Letter to German Ambassador to the U.S. about the German government’s latest findings on Scientology and other recent official vindications
As a result of the Labor Court Munich’s October 25th 2000 ruling in Winkler vs City of Munich, individuals of conscience, regardless of their association, can refuse to sign such filters. The "filter" has thus been exposed as a document bereft of legal integrity or substance and not worth the paper it is written on. I have attached a copy of the Winkler decision.

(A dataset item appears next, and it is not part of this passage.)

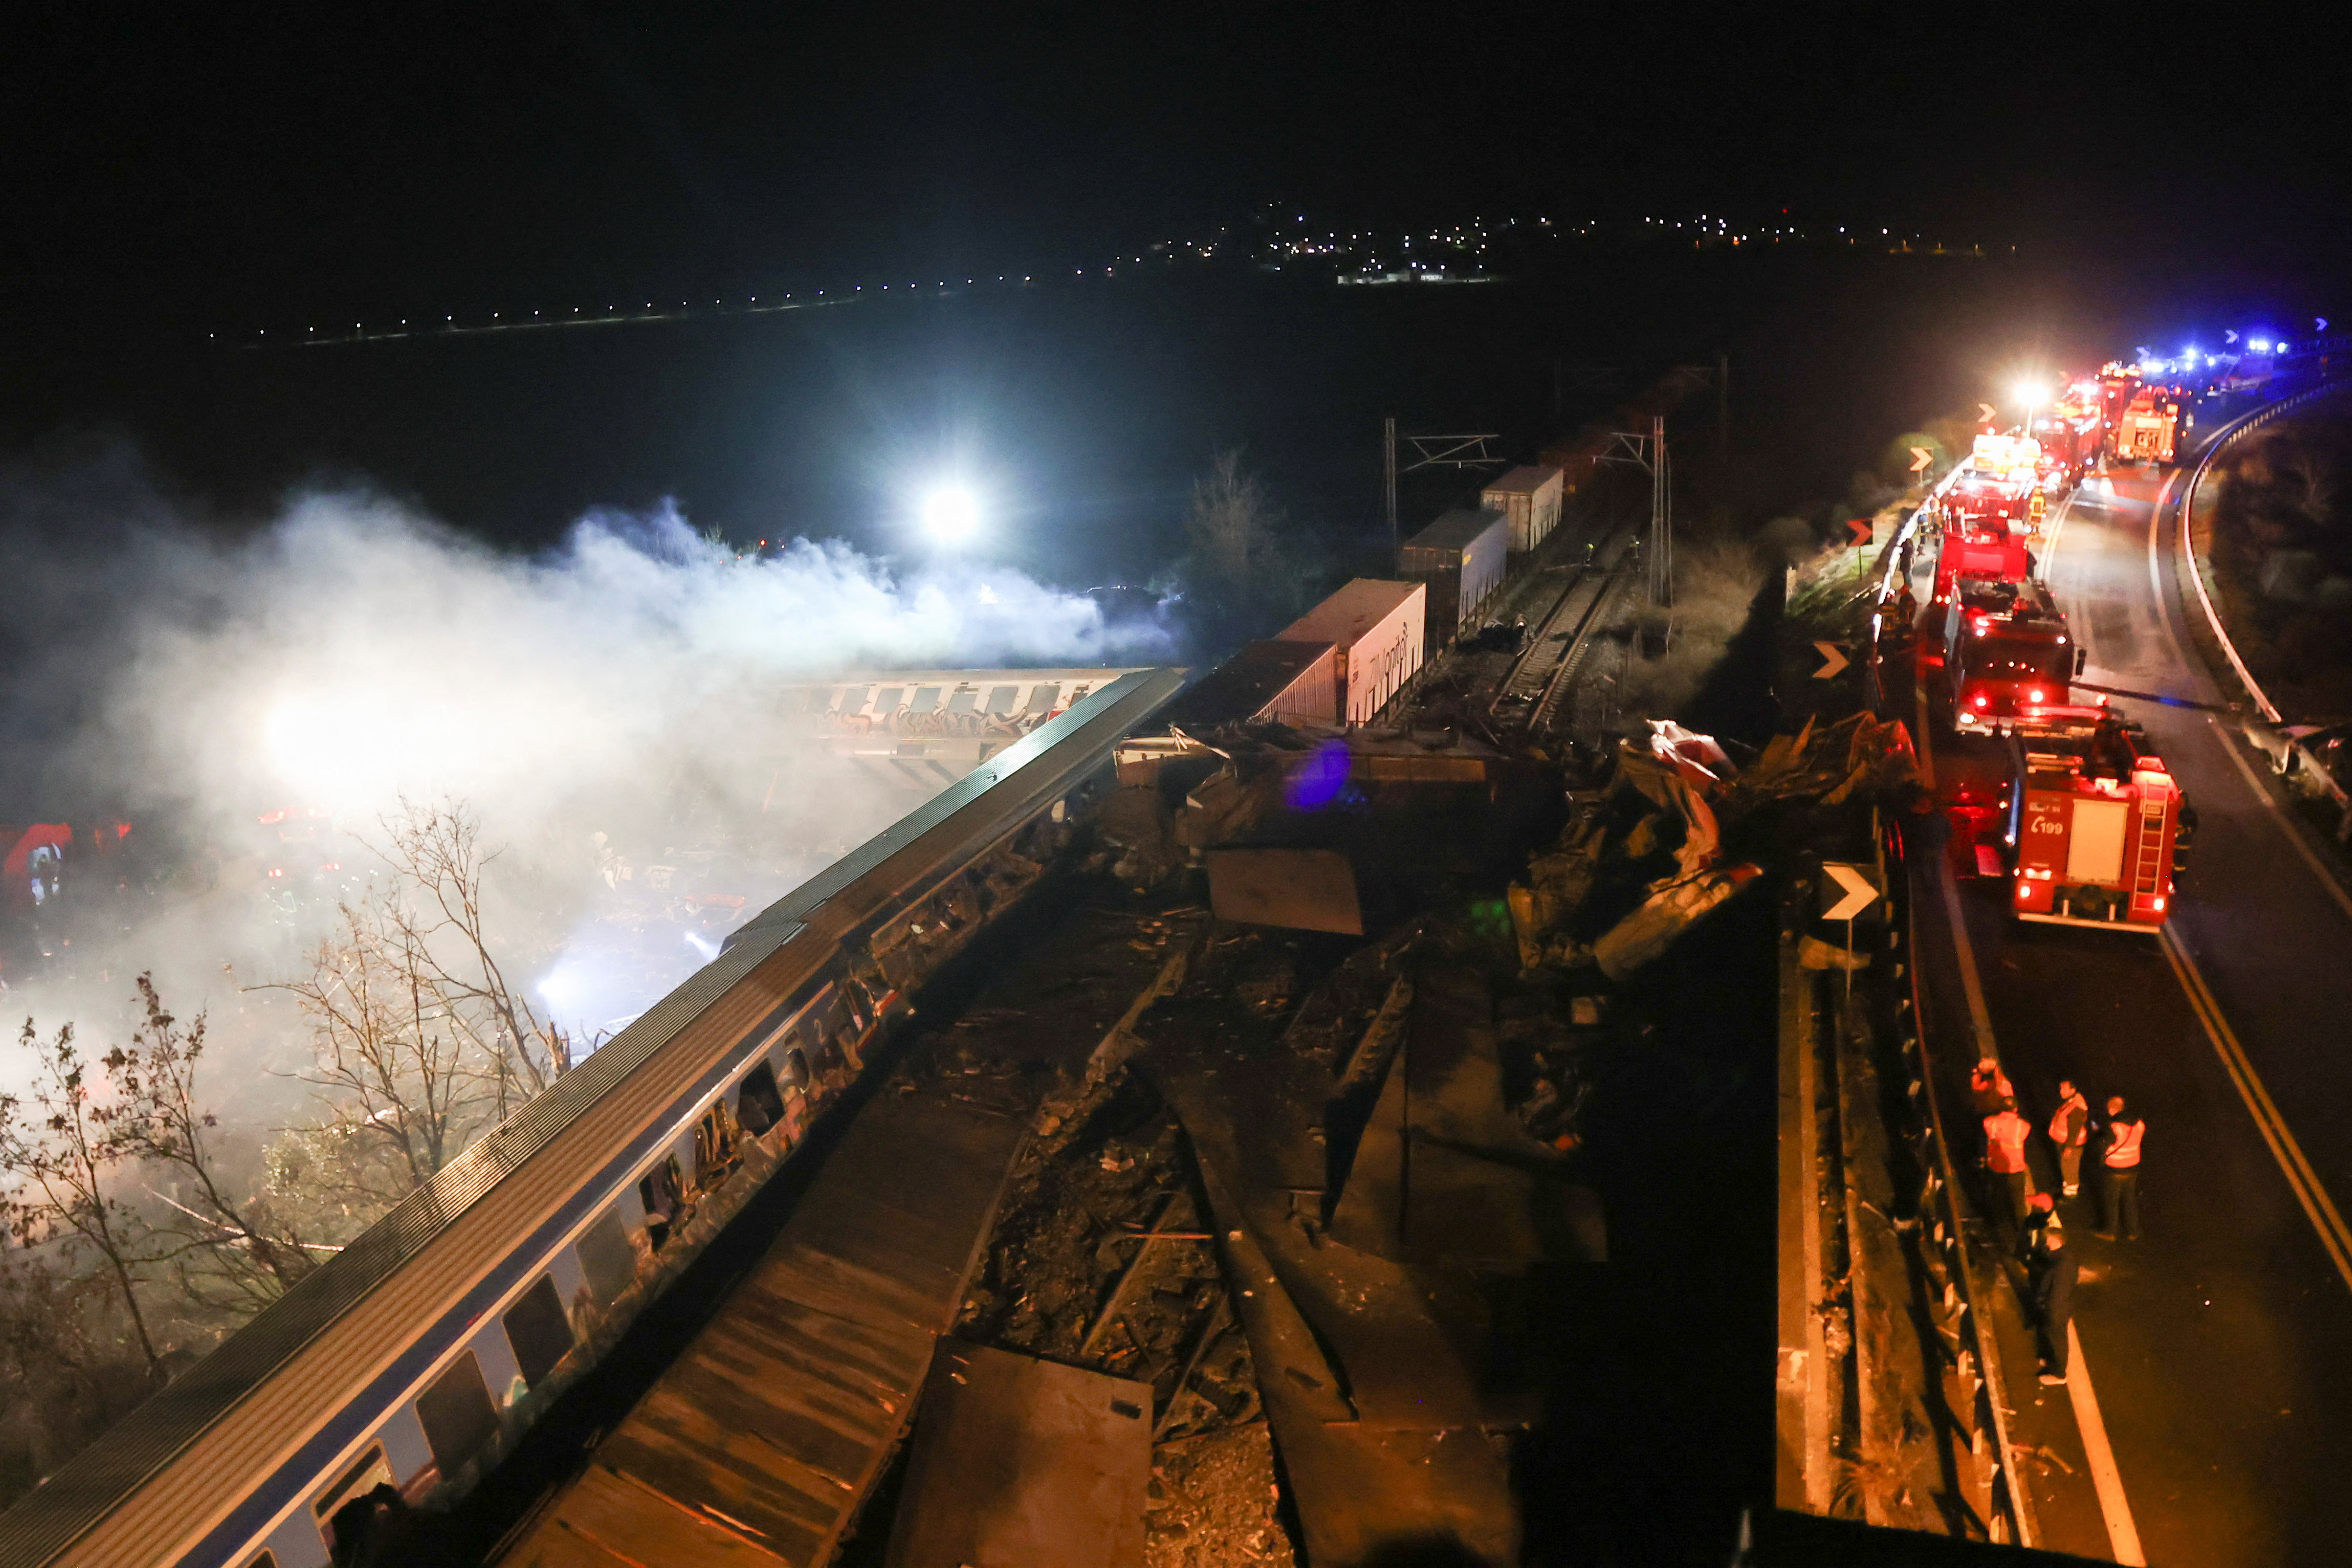 En los dos trenes, uno de pasajeros y otro de mercancías, viajaban unas 350 personas y 20 tripulantes, explicó la empresa ferrocarril “Hellenic Train”. (REUTERS/Thanos Floulis)

In the preamble to their questions, the MPs referred to a Federal Labor Court opinion of March 1995, apparently under the false impression that the Labor Court’s opinion was a binding judgement. The case dealt with a dispute concerning the labor law in Hamburg, not with religiosity. The opinion was merely an interim decision with no precedential value, based upon a defective lower tax court decision since overturned by the Supreme Tax Court.
The standard cited today by German courts when ruling on cases involving the Church of Scientology was set by the Federal Administrative Court in Mission Neue Brueke Stuttgart vs State of Baden-Wuerrtemberg in November 1997. The Federal Administrative Court held that services of Scientology are spiritual in nature and rejected an attempt by the government of Baden-Wuerrtemberg to classify them as commercial. The government withdrew its case and paid costs. I have attached a copy of the press release issued by the Federal Administrative Court at the time.
The Hamburg Appeals Court, citing the Federal Administrative Court, confirmed the religious character of Scientology on January 5, 1998. The Administrative Court in Stuttgart and the Social Court in Nurembourg shared this opinion in decisions in 1999 and 2000.